2 Responses to “Does automatic text classification work for low-prevalence topics?”

  1. Ralph Losey says:

    In my experience the commercial software I have been using, Inview, works quite well to overcome the difficulties you describe, including initial bias (a term I dont like because it is contra the whole idea of SME), and the low number of positive examples as compared to high number of irrelevant documents. It takes several rounds of training. Sometimes a round can be quite fast and only involve a few corrections. Other times you need to feed in may corrections.

    To be successful at this you have to develop a knack for identifying the types of documents that may impede or further the active learning process. That is often case specific, but can also be general, at least for the software you are using. For instance, for the software I use I have learned to remove very large text files form the initial training. I have found they are too confusing to the classifier. I use other methods to search these files and or add them in at the end of a training process.

    There are other types of files that should be removed as well, plus still others, usually case specific, that are especially helpful to train on. The whole process becomes more art than science, and has to do with learning the peculiarities of the software in general, and on particular projects.

    I guess what I am saying is that effective active machine learning is a two-way process requiring a searcher to pay close attention to the impact of their actions on the automated classifications.

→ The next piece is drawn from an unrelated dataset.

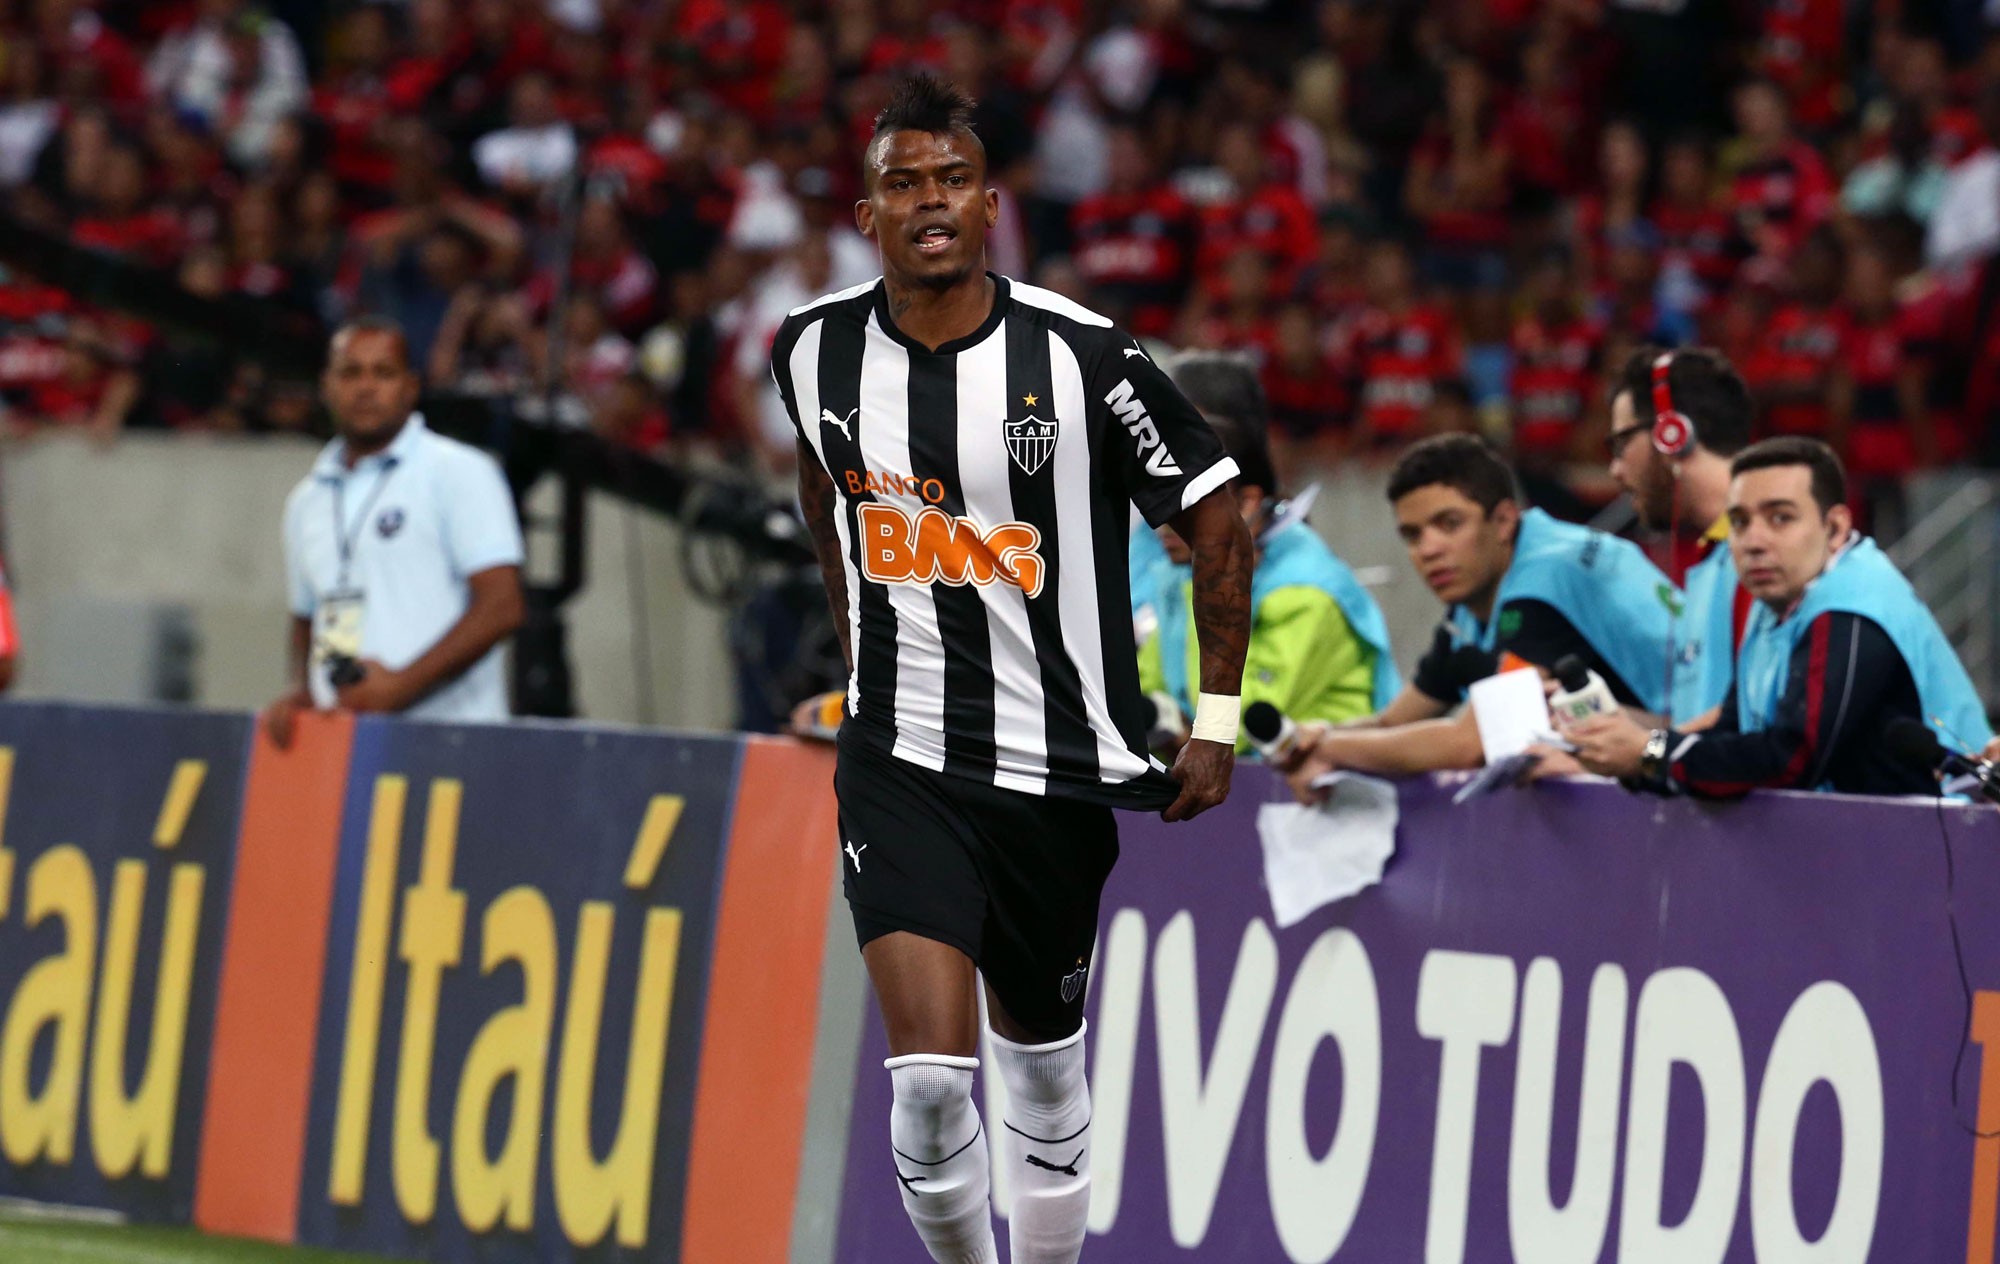 Apostas da Rodada #17: Maicosuel (Atlético Mineiro) | Cartola FC 2016

    I would be interested to hear your reaction to this, and other readers of your blog? Are others having the same or similar experiences? Has their been any research on this? Literature on the subject? I am a lawyer, not a scientist, so please do not assume I know the basic writings available in the field. Thanks.

  2. william says:

    Ralph,

    Hi! Yes, I think that the sort of human-directed search facilities that Inview offers are an important part of the solution to the low-prevalence case. The comparative experiment you ran on the EDRM dataset was an interesting exploration of that. What would have happened in this situation if you were stuck in the pure-Borg approach -- even the seed set had to be a simple random sample? Prevalence there was, what, one in a thousand? With some Borg approaches you'd need to sample 60,000-odd documents just to get your control set!

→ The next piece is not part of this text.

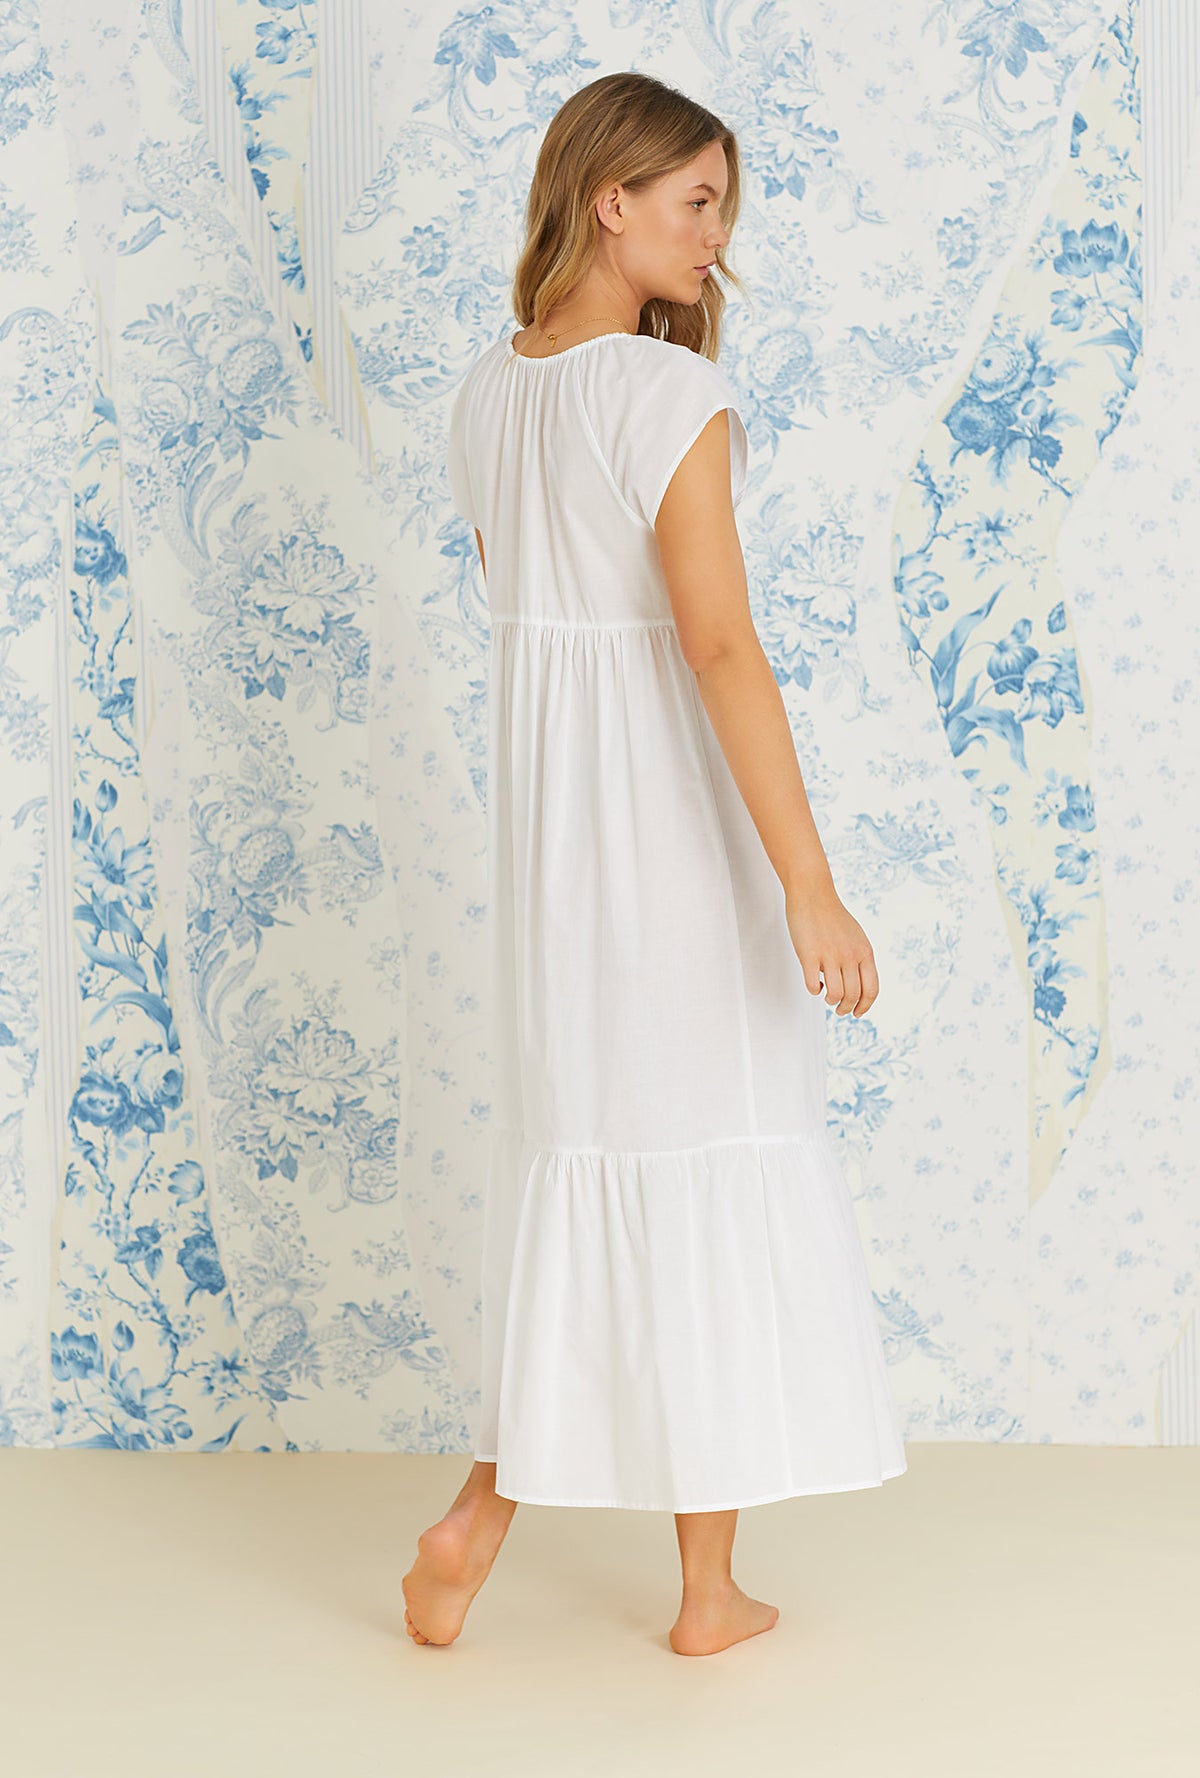 Iconic White &quot;Juliette&quot; Cap Sleeve Cotton Woven Long Nightgown

    I'm interested too in your comment on the importance of the trainer knowing what documents do and do not make good training examples. In principle, the classifier should be able to manage this automatically -- but apparently not! For instance, if long documents _always_ cause problems, then the system should be pre-configured not to train on them. Or cross-validation experiments should be able to determine that certain classes of training documents are not helpful -- indeed, in principle it seems to me that the classifier should be able to note this directly, at least if given the correct features. Anyway, as always, interesting material for future research!